Valleywise Health (formerly Maricopa Integrated Health System) is a network of taxpayer-funded hospitals and medical facilities in Maricopa County, Arizona.

History 
Maricopa Integrated Health System was founded in 1991 in Maricopa County, Arizona. The county's residents approved the formation of a special health care district in 2003. The members of the board of directors are appointed through elections and serve as county public officials.
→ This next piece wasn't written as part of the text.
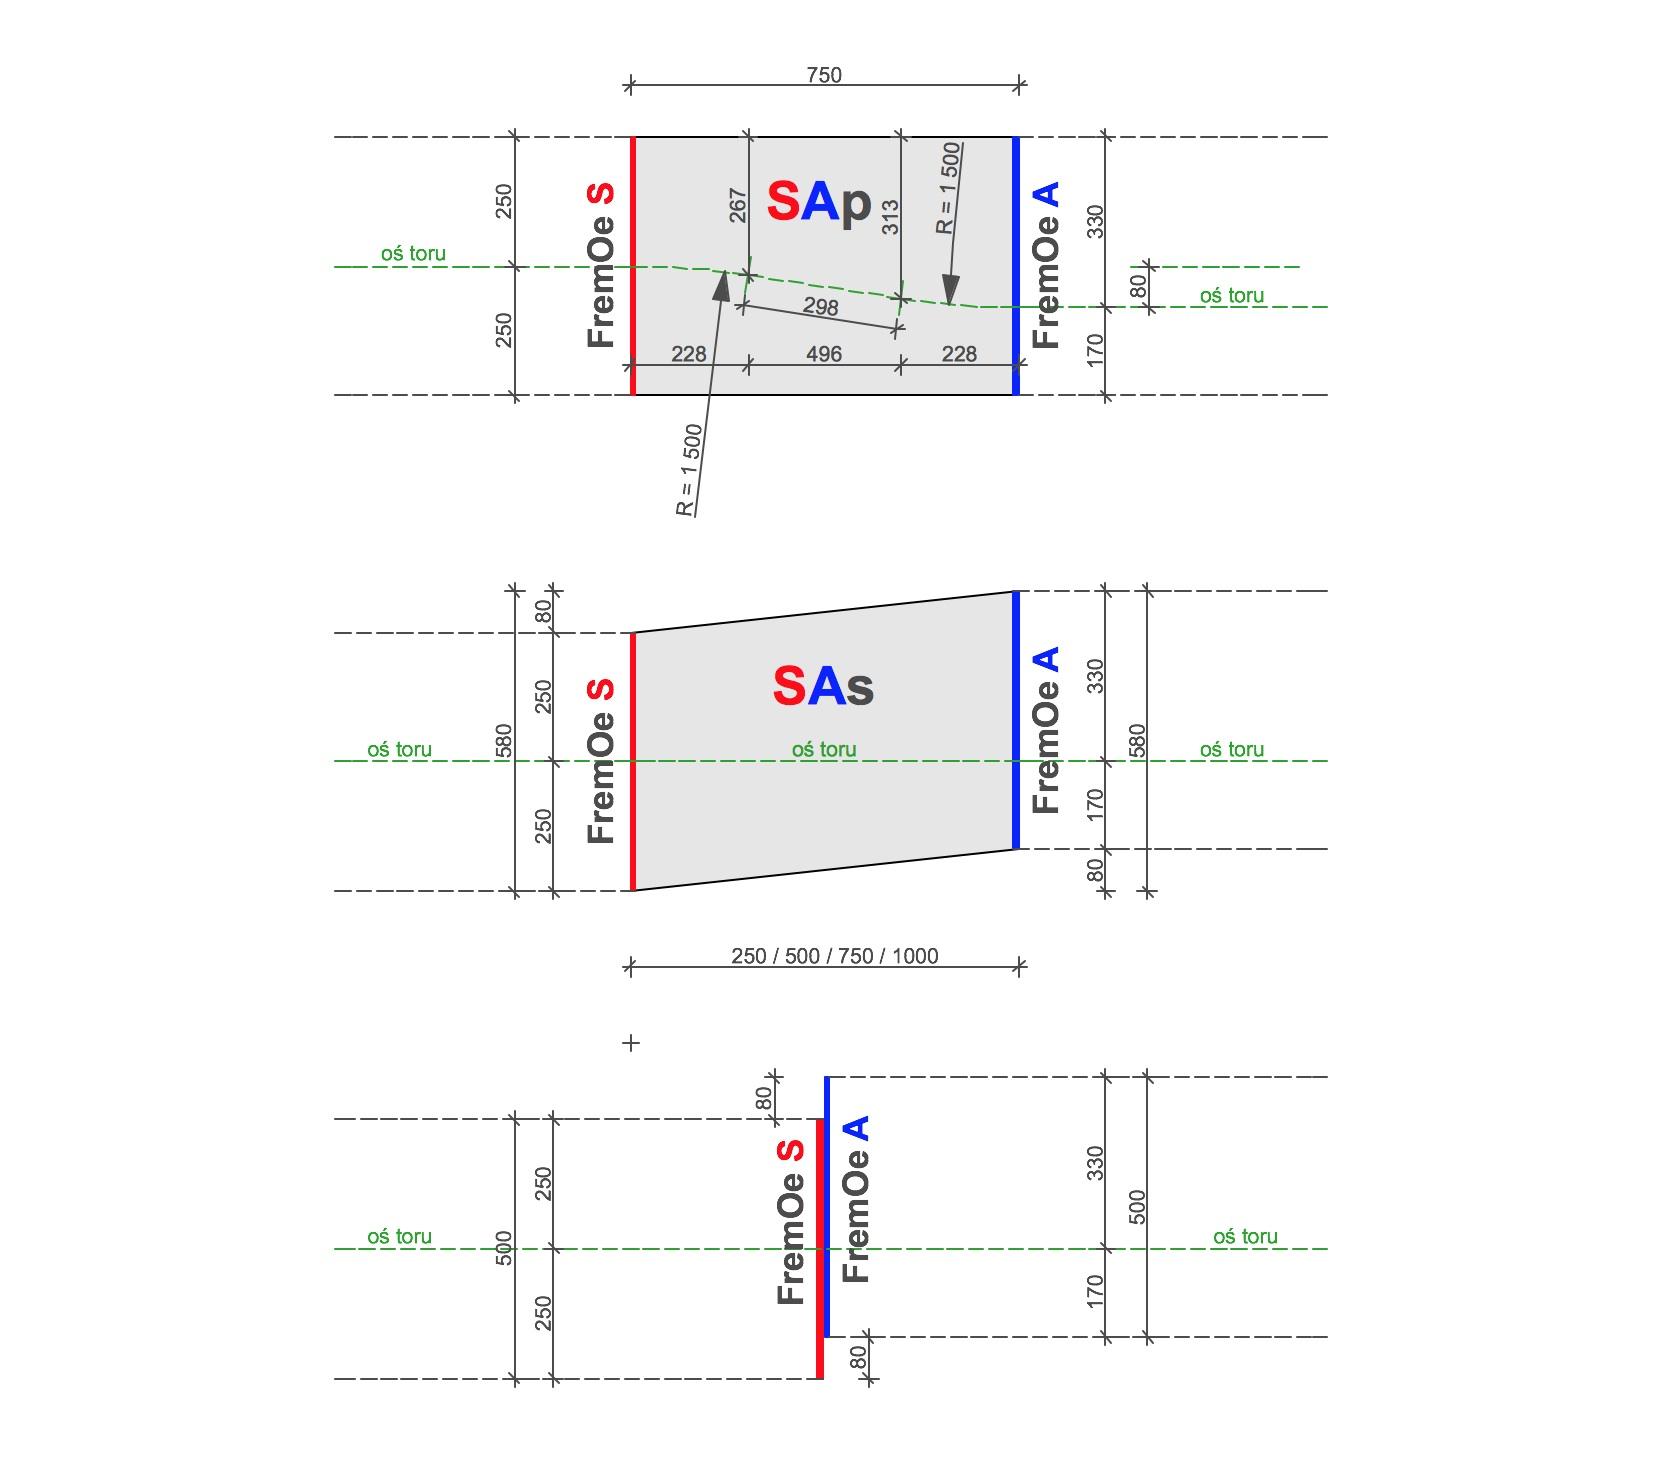 Moduły SAp SAs 0e.jpg

In October 2018, the organization announced that it would be renamed Valleywise Health effective mid-2019.

Facilities
Facilities include:

 Hospital and emergency care center
 Valleywise Health Medical Center (Phoenix)

 Behavioral centers
 Valleywise Behavioral Health Center – Phoenix
 Valleywise Behavioral Health Center – Maryvale (Phoenix)
 It opened in a former Abrazo Community Health Network hospital facility in 2019. Valleywise paid $60 million to acquire the former Maryvale Hospital.
 Valleywise Behavioral Health Center – Mesa

 Comprehensive health centers
 Valleywise Comprehensive Health Center – Phoenix
 Valleywise Comprehensive Health Center – Peoria
 It had a cost of $70 million. The Valleywise board in 2017 decided to have the facility built.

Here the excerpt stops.